I'm struggling to understand the following logic from Peskin and Schroeder, page 23:
The book defines
$$ |\vec{p} \rangle = \sqrt{2E_p} a^\dagger_p |0 \rangle $$
so that the inner product $\langle \vec{p}| \vec{q}\rangle$ is a Lorentz invariant object. It then says that this above equation, which is a 'normalization condition', implies that
$$ U(\Lambda) |\vec{p}\rangle = | \Lambda \vec{p} \rangle$$
or, if we prefer to think of this transformation as acting on the operator $a^\dagger_p$, we can write
$$ U(\Lambda) a^\dagger_p U^{-1}(\Lambda) = \sqrt{\frac{E_{\Lambda p}}{E_p}} a^\dagger_{\Lambda \vec{p}} $$
I don't understand how these two equations are arrived at. The book seems to suggest that it's obvious, but clearly I'm missing something.

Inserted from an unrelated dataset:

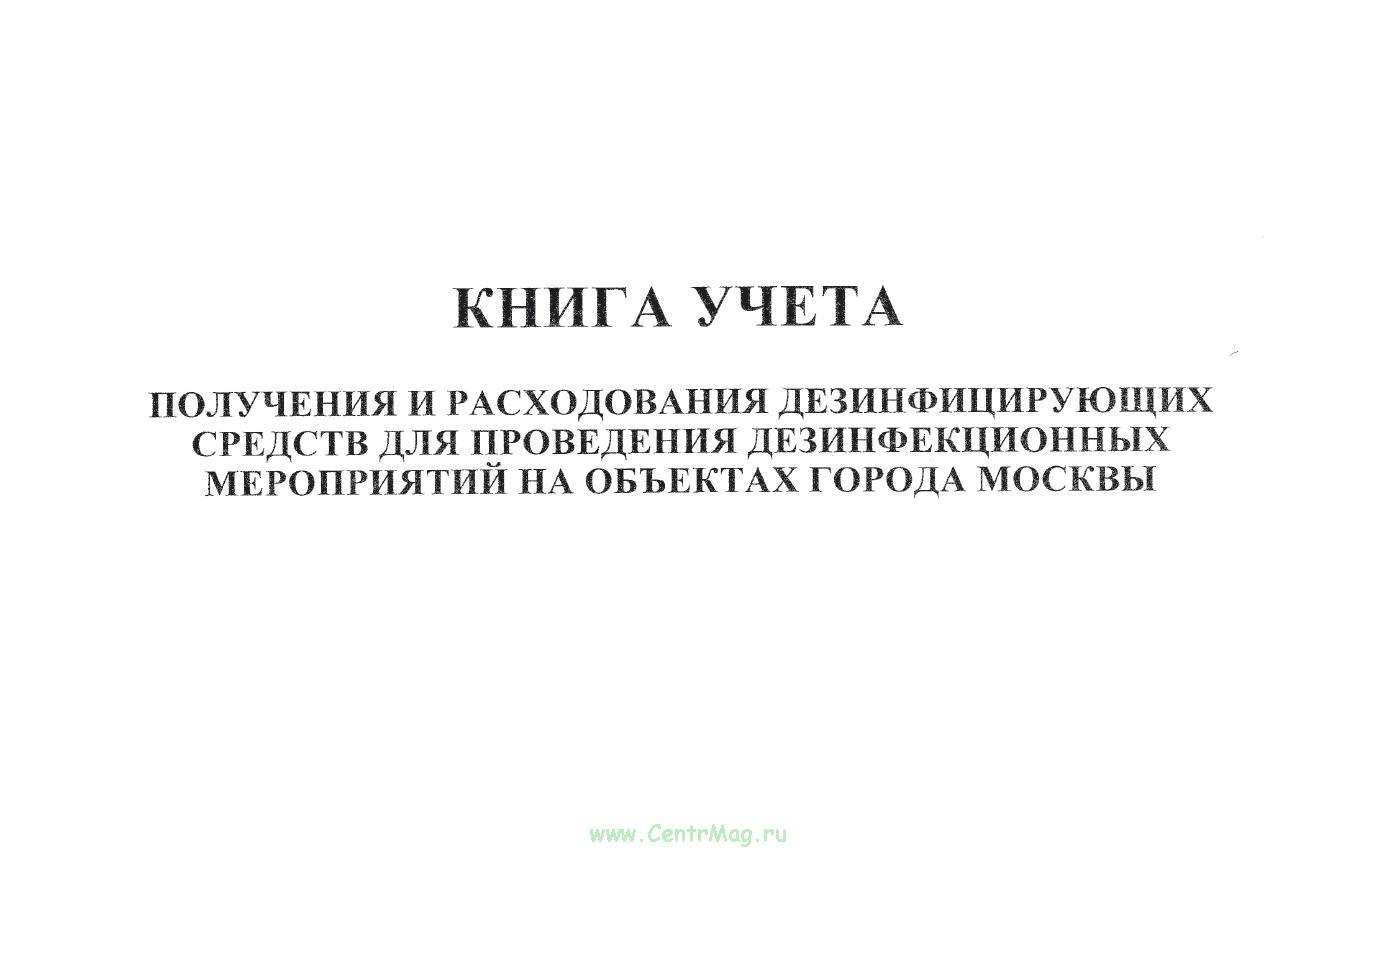 Книга учета получения и расходования дезинфицирующих средств для проведения дезинфекционных мероприятий на объектах города Москвы

Thanks.
Best Answer
The first statement
$| p \rangle$ is an eigenstate of $\hat{P}^{\mu}$ operators with eigenvalue $p^{\mu}$. It's natural then that $$ U(\Lambda )| p \rangle $$ is also eigenstate of $\hat{P}^{\mu}$: $$ \hat{P}^{\mu}U(\Lambda )| p \rangle = U(\Lambda )\left[ U(\Lambda^{-1})\hat{P}^{\mu}U(\Lambda )\right]| p \rangle = U(\Lambda )\Lambda^{\mu}_{\ \nu}\hat{P}^{\nu}| p \rangle = \Lambda^{\mu}_{\ \nu}p^{\nu}U(\Lambda )| p \rangle . $$ In general (for non-scalar case when $| p \rangle = | p ,\sigma \rangle$) from this follows that $$ U(\Lambda )| p, \sigma \rangle = \sum_{\sigma {'}}C_{\sigma {'} \sigma}| \Lambda p, \sigma {'}\rangle $$ and for all states $| p, \sigma \rangle $ states $U(\Lambda )| p, \sigma \rangle$ also belongs to the Hilbert space of eigenstates, so if in the beginning $| p, \sigma \rangle $ belongs to some definite orbit of the Lorentz group, then $U(\Lambda )| p, \sigma \rangle$ will also belong to this orbit: $$ | p, \sigma \rangle = |\mathbf p , \sigma \rangle_{p_{0} = f(\mathbf p , m)} \Rightarrow U(\Lambda )| p, \sigma \rangle = \sum_{\sigma {'}}C_{\sigma {'} \sigma}| \mathbf {\Lambda p}, \sigma {'}\rangle_{p_{0} = f(\mathbf p , m)}. $$ The invariance condition of $\langle p | q \rangle $ (since $\langle p| q\rangle = C(p) \delta (\mathbf p - \mathbf q) $ lorentz-invariance condition means that $C(p) \sim E_{p})$ means that $C_{\sigma \sigma {'}}$ satisfies $C_{\sigma \sigma{''}}C^{\dagger}_{\sigma {''}\sigma{'}} = \delta_{\sigma \sigma {'}}$. In simplest scalar case this directly leads to $$ \tag 1 U(\Lambda )| \mathbf p \rangle = e^{i\alpha}| \mathbf {U(\Lambda ) p}\rangle , $$ where $\alpha$ is some parameter of transformation given by $\Lambda$. It can be set to zero.
The second statement
It automatically follows from the first statement (given by eq. $(1)$) if we use definition $$ | \mathbf p \rangle = \sqrt{2E_{p}}a^{\dagger}(\mathbf p) | \rangle $$ and eq. $(1)$, we'll get $$ U(\Lambda )| \mathbf p \rangle = U(\Lambda )\left[\sqrt{2E_{p}} a^{\dagger}(\mathbf p)|\rangle\right] = \sqrt{2E_{p}}[U(\Lambda )\hat{a}^{\dagger}(\mathbf p)U^{-1}(\Lambda) ]U(\Lambda ) | \rangle = $$ $$ = \left| U(\Lambda ) | \rangle = | \rangle \right| = \sqrt{2E_{p}}[U(\Lambda )\hat{a}^{\dagger}(\mathbf p)U^{-1}(\Lambda) ] | \rangle = \sqrt{2E_{\Lambda p}}\hat{a}^{\dagger}(\mathbf {\Lambda p })| \rangle \Rightarrow $$ $$ U(\Lambda )\hat{a}^{\dagger}(\mathbf p)U^{-1}(\Lambda) = \sqrt{\frac{E_{\Lambda p}}{E_{p}}}\hat{a}^{\dagger}(\mathbf {\Lambda p }). $$